EXERCISE AIM
Find the count of lines in the material below that include the word "чехол". State nothing but that number.

-*-*-

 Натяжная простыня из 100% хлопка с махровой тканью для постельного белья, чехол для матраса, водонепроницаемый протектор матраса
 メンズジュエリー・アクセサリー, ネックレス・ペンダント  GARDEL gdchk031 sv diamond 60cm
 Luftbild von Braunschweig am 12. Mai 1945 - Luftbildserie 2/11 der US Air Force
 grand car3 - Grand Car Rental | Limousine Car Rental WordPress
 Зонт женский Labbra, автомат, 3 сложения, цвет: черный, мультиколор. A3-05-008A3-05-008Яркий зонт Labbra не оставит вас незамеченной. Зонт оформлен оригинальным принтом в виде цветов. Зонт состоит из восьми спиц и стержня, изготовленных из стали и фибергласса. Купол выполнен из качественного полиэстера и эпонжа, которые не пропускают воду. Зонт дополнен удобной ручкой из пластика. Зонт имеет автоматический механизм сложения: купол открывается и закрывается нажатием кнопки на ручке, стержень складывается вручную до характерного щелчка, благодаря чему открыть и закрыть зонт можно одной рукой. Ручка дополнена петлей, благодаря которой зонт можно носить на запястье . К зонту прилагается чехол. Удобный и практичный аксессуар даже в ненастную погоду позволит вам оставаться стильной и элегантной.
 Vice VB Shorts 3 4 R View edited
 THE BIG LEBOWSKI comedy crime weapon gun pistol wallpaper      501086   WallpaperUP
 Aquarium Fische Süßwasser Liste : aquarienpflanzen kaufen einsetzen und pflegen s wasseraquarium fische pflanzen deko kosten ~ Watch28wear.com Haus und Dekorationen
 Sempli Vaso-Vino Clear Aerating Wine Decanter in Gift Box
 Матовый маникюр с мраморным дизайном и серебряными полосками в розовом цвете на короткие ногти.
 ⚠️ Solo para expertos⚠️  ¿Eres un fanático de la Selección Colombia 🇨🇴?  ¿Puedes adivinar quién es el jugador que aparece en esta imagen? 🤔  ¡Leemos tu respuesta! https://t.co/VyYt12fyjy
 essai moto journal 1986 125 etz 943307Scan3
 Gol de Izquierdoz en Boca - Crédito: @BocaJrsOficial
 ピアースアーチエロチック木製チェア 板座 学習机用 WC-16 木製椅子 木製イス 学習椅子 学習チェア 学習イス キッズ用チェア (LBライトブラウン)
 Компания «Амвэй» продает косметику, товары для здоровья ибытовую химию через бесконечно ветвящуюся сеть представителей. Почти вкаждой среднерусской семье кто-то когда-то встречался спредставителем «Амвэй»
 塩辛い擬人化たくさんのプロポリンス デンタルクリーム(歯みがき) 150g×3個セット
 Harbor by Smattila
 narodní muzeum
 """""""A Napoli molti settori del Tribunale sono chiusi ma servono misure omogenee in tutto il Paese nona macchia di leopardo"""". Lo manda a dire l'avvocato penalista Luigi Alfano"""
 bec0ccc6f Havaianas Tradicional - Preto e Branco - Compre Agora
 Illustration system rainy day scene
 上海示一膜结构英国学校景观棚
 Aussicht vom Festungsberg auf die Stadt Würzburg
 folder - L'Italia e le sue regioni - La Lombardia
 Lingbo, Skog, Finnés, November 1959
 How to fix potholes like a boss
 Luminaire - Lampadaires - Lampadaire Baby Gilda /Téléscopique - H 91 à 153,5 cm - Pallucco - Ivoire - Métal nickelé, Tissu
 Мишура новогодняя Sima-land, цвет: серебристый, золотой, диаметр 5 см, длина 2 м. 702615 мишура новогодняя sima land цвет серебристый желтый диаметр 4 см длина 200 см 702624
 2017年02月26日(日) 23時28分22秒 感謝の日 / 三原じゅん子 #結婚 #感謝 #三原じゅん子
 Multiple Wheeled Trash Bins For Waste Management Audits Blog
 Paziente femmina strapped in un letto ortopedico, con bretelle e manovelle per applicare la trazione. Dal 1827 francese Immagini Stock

-*-*-

WRITTEN ANSWER
2